Здесь. Под этим солнцем, что не грело, а выжигало саму мысль о тени, начиналась моя история.
Солнце в Гусмандии было не источником жизни, а приговором. Его свет – липкое, тягучее насилие, расплавленный янтарь, в котором застывали, как доисторические мухи, любые порывы, любые искренние эмоции. Оно пропитывало воздух приторным запахом карамели и гниющей на мелководье ряски, превращая каждый вдох в акт подчинения. Дышать здесь означало глотать сладкую ложь этого мира, соглашаться с его правилами. Мир, созданный не богом, а кондитером-социопатом, для которого любая горечь – личное оскорбление.

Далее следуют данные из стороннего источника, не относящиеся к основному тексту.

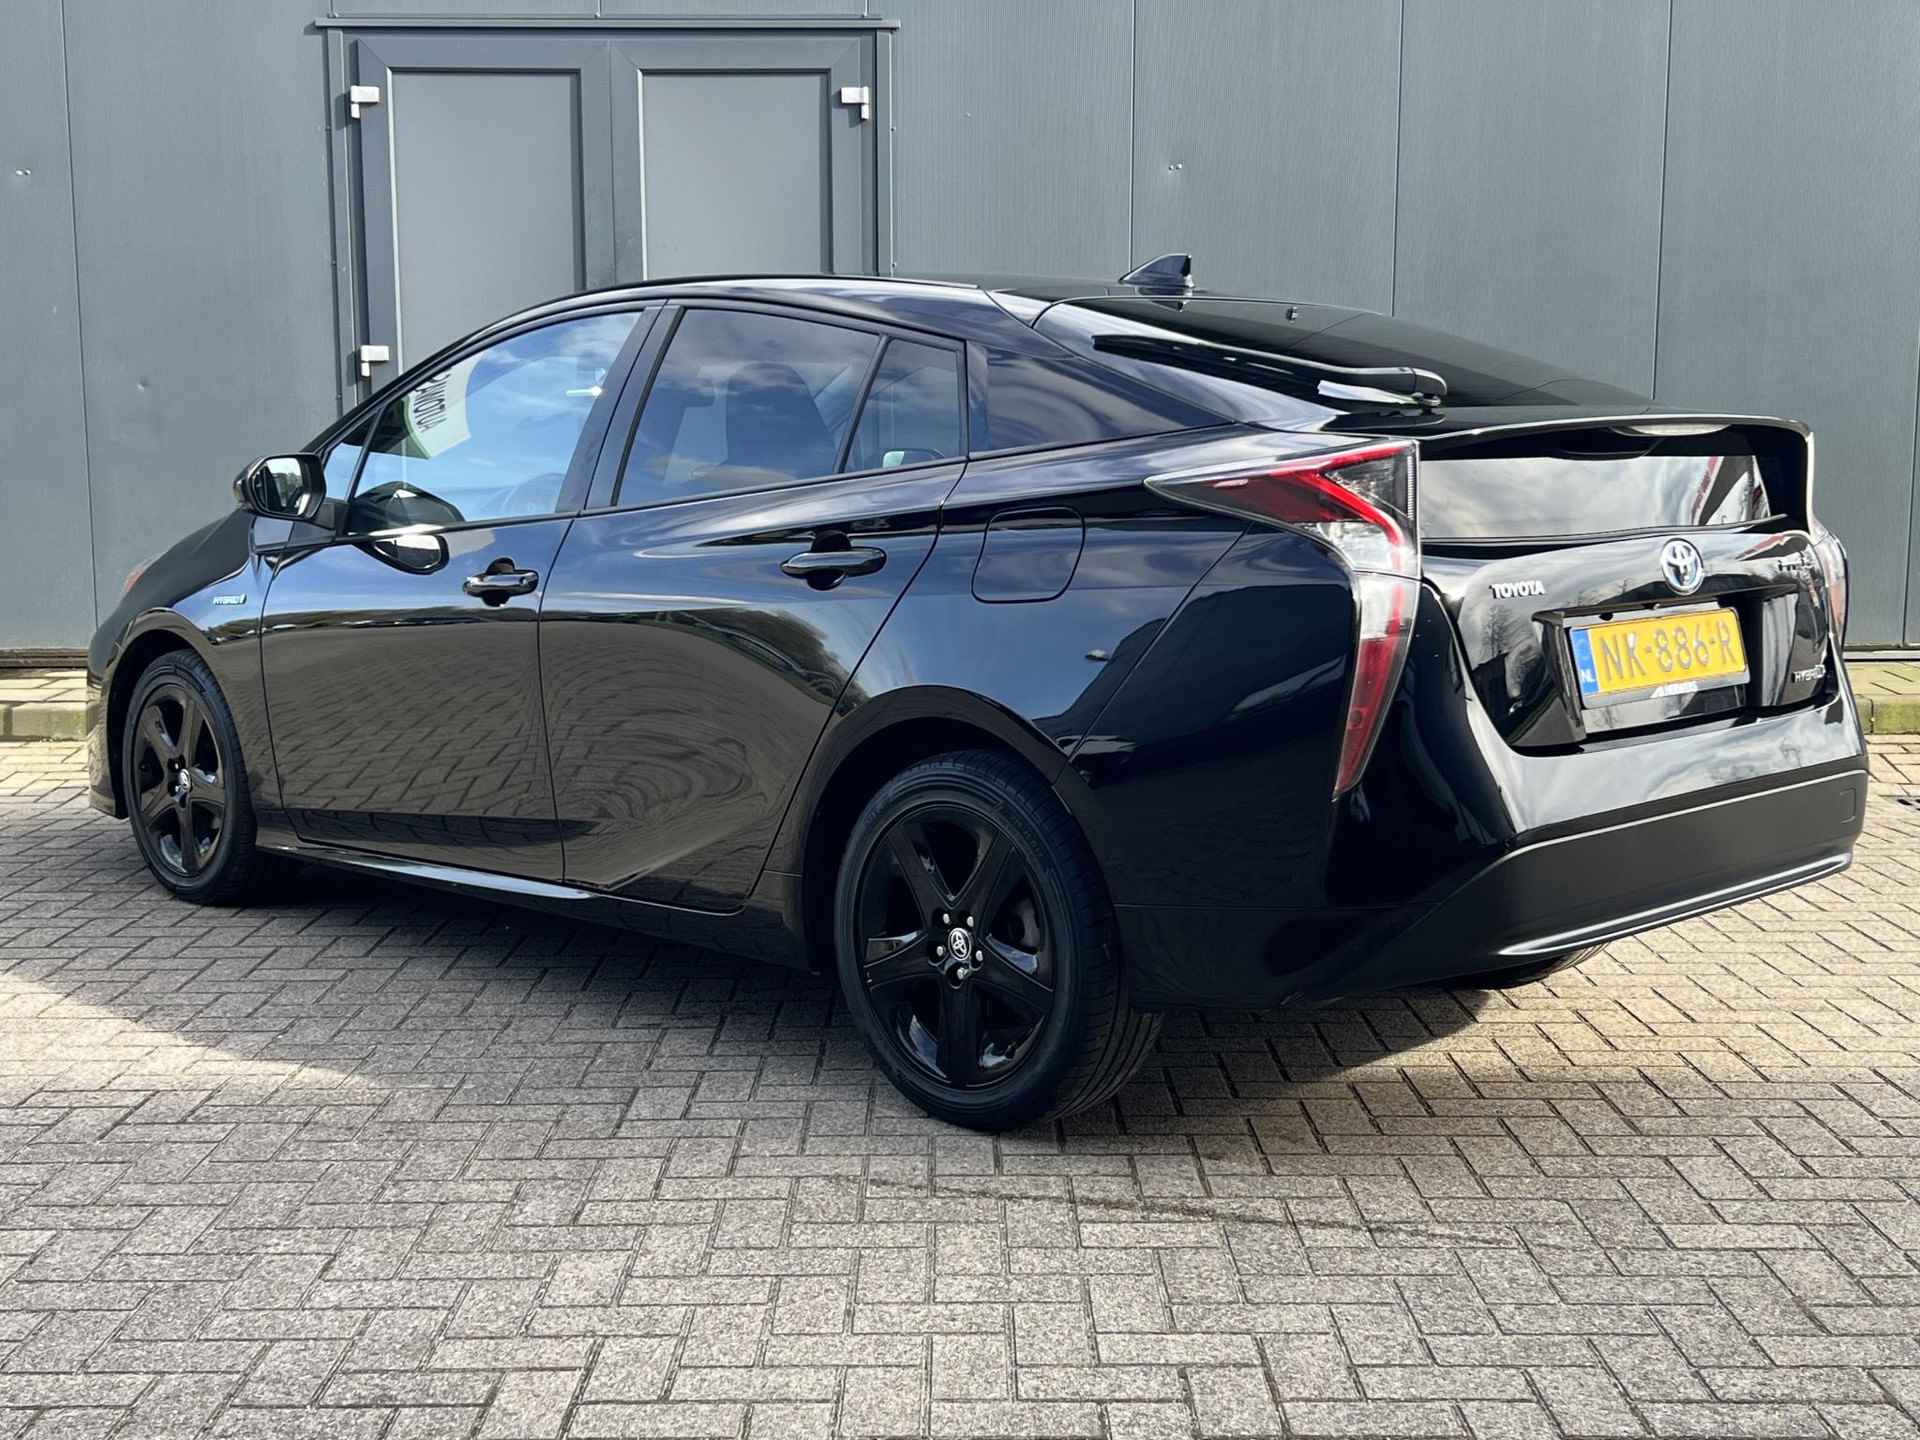 Toyota Prius 1.8 First Edition Automaat / Navigatie / Cruise Control / Climate Control / Stoelverwarming / DAB / Bluetooth / Head-Up Display / Dodehoek Herkenning / Camera - 16/30

Тень была ересью. Темные, бархатные провалы под кронами деревьев казались не укрытием, а порталами в запретное, в ту самую правду, от которой все здесь так отчаянно бежали. В них хотелось не просто спрятаться – в них хотелось раствориться, перестать быть глянцевой, отполированной куклой на витрине всеобщего благополучия. Любая щербинка на идеальной брусчатке, любой дикий, нестриженый цветок воспринимались как плевок в лицо мирозданию. Зло? Само это слово стерлось из языка, его заменили эвфемизмы: «недоразумение», «неловкий момент», «временное несоответствие идеалу». Они так долго и усердно делали вид, что его не существует, что почти убедили в этом сами себя.
И в эпицентре этого сияющего, тошнотворного самообмана обитал он. Беркор.
Совершенство было его болезнью. Его манией. Его тюрьмой. Белизна его оперения была не цветом, а его отсутствием, абсолютной пустотой, в которой тонули все остальные краски. Это был цвет стерильной операционной, цвет кости, вываренной дочиста. Каждое перо – не дар природы, а результат титанического, ежесекундного контроля над собственным телом, над каждым мускулом. Патологическая симметрия, от которой веяло не гармонией, а безумием. Когда он двигался, по его спине пробегали не волны света, а судороги сдерживаемой силы. Он не источал свет – он пожирал его, не оставляя ничего вокруг.
Его глаза – два осколка вечной мерзлоты. В них не было ни безмятежности, ни гениальной печали. В них была лишь оценка. Он смотрел на мир, как патологоанатом смотрит на труп – с холодным любопытством, выискивая скрытые дефекты, пороки, гниль. Этот взгляд раздевал, препарировал, и под ним любой чувствовал себя уязвимым, грязным, неправильным. Именно этот взгляд заставлял трепетать, желать, подчиняться.
Его клюв – алый скальпель, идеальный для того, чтобы вскрывать чужие души. Его хвост… О, это был не просто веер. Это был ритуал, сеанс массового гипноза. Когда он раскрывал его, он не подражал павлинам. Он утверждал свою власть. Мир замирал не от восхищения. Мир замирал от страха. В этот момент каждый – от восторженного гусенка до старого селезня – осознавал свою ничтожность перед лицом этого ледяного идеала. Они видели не красоту. Они видели приговор собственному несовершенству. А Беркор стоял, неподвижный, и впитывал их унижение. Он не наслаждался, он питался им. Это была его доза, единственное, что заставляло замолчать ледяной вой пустоты внутри него.